Le politologue Stéphane Cadiou (2009) apporte un complément d’analyse fort pertinent pour sortir de cet amalgame entre la commune au sens administratif et le village au sens communauté humaine. Il souligne que l’échelon intercommunal est quasi exclusivement resté à ce jour aux mains des élus et des interlocuteurs les plus prédisposés à dialoguer avec eux : les chambres consulaires, les chefs d’entreprises, les aménageurs… Le problème tient principalement au fait que la société civile (classiquement, comité de quartiers, associations de parents d’élèves, de commerçants…) est encore souvent structurée au niveau du village, au sens humain du terme, et pas au niveau intercommunal.

Cette absence de structuration intercommunale de la société civile ne lui permet pas d’exercer un rôle de contre-pouvoir et surtout de force de proposition face aux élus et aux forces économiques, par exemple pour peser sur un projet d’équipement ou d’aménagement. Plusieurs formules naissent en milieu rural, sous la forme de rencontres ou forums annuels des associations du territoire communautaire. On voit bien que les plus grosses associations du territoire se mobilisent mais qu’il est compliqué de faire venir les plus petites, celles dont l’assise est plutôt communale. Les visiteurs ne sont pas toujours aussi nombreux que souhaités au rendez-vous. Nous croyons fortement à ce tissu associatif car il part de l’humain et du lien entre les individus. Il faut donc trouver des formules qui réussissent mieux.

Dès lors, faut-il aider la société civile à se structurer à l’échelle intercommunale avec des communautés de communes plus petites pour laisser une capacité d’initiative aux associations communales ou plutôt les maintenir dans une forme d’organisation à l’échelle d’un ou de quelques villages tout en leur dédiant des espaces de rencontres et de dialogue avec les représentants de la société civile des autres villages de l’intercommunalité ? Au regard des expériences accumulées, nous penchons clairement pour cette deuxième solution.
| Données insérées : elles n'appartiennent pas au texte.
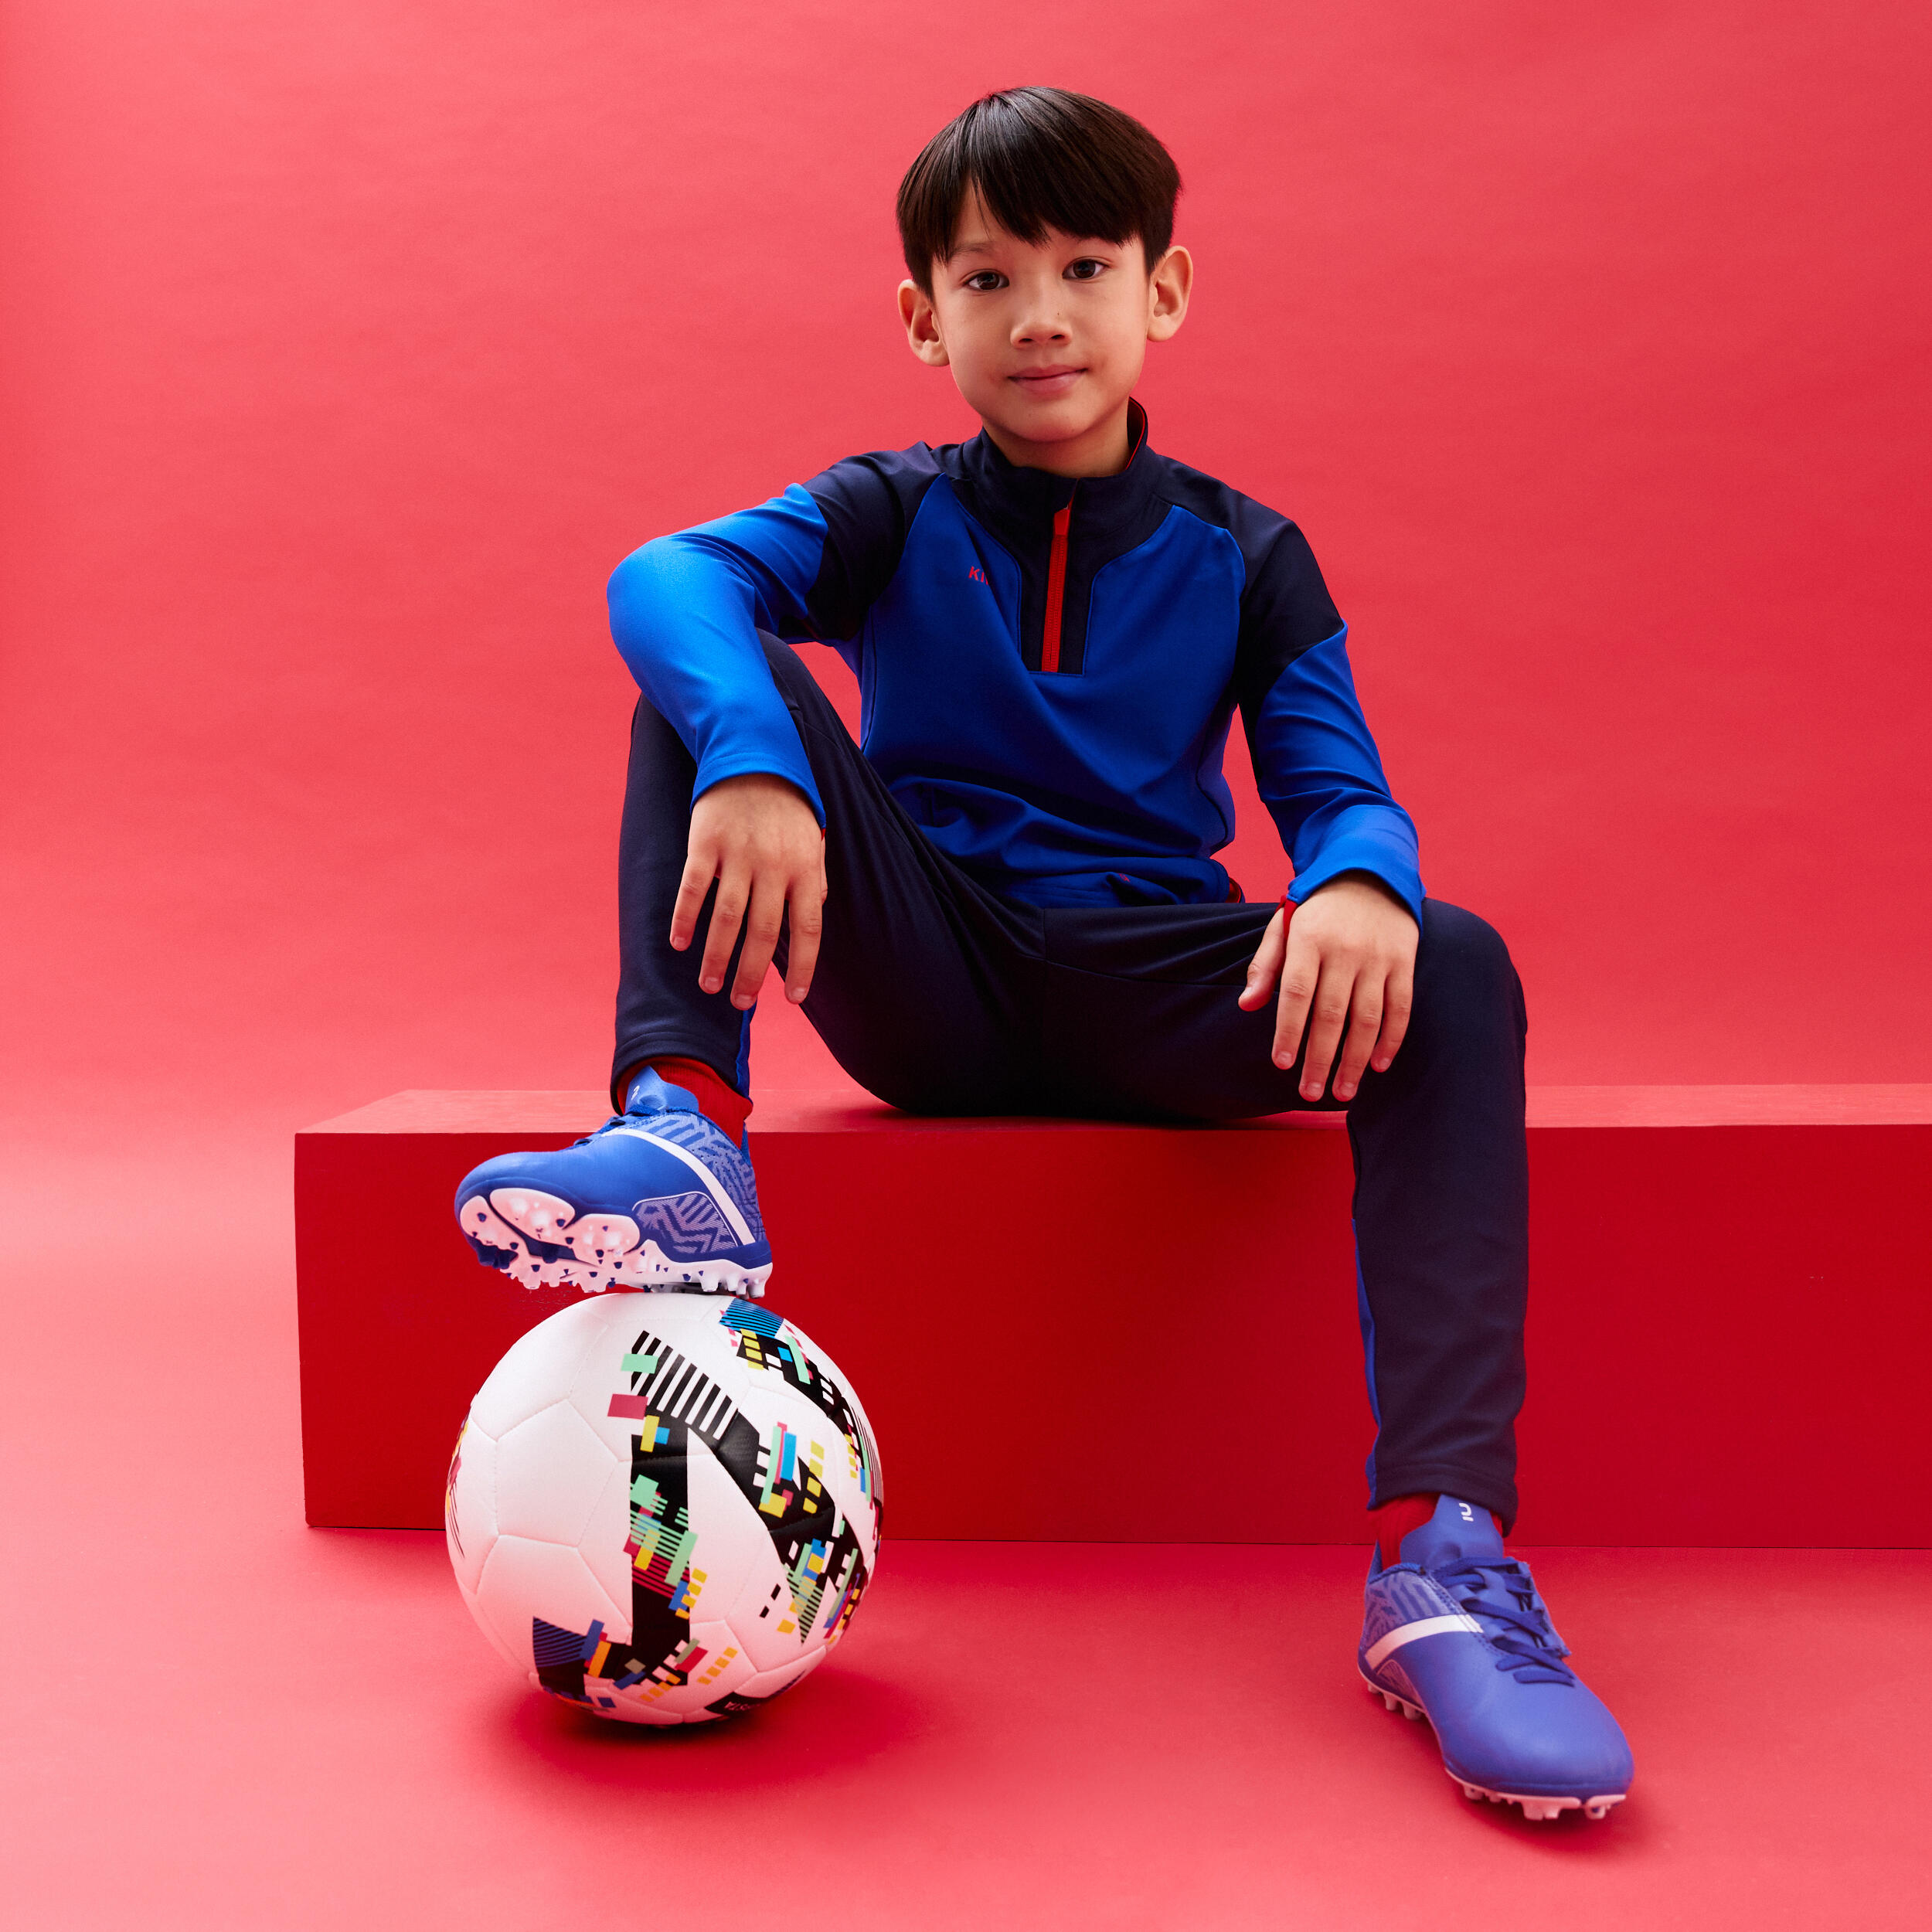 Kids' Football Bottoms Viralto - Navy/Blue/Neon Orange 3/4

Parallèlement à ces retours d’expérience du terrain et en parcourant les travaux de recherche en droit et en géographie sociale et humaine, on identifie deux grands champs qui se sont en fait très peu interpénétrés. D’un côté, le droit administratif se penche sur notre organisation administrative (caractérisation des découpages, leurs évolutions historiques, les statuts qui s’y rattachent…) de l’autre, la géographie s’est emparée depuis les années 1980 de la problématique des recompositions territoriales (morphologie des différentes occupations des sols mais aussi définition du concept de territoire, analyse des démarches de développement local et de recomposition des espaces politiques…) Autrement dit, les géographes trouvent trop aride et statique l’analyse de notre organisation administrative. Les juristes se concentrent davantage sur la définition des découpages et leurs constantes dans l’histoire que sur les formes nouvelles et souples de gouvernance locale. Nous voyons bien que les deux sont en tension et qu’une analyse croisée et interactive est absolument essentielle pour sortir des oppositions stériles et des crispations sémantiques qui empêchent d’élaborer des solutions au profit de l’avenir du monde rural.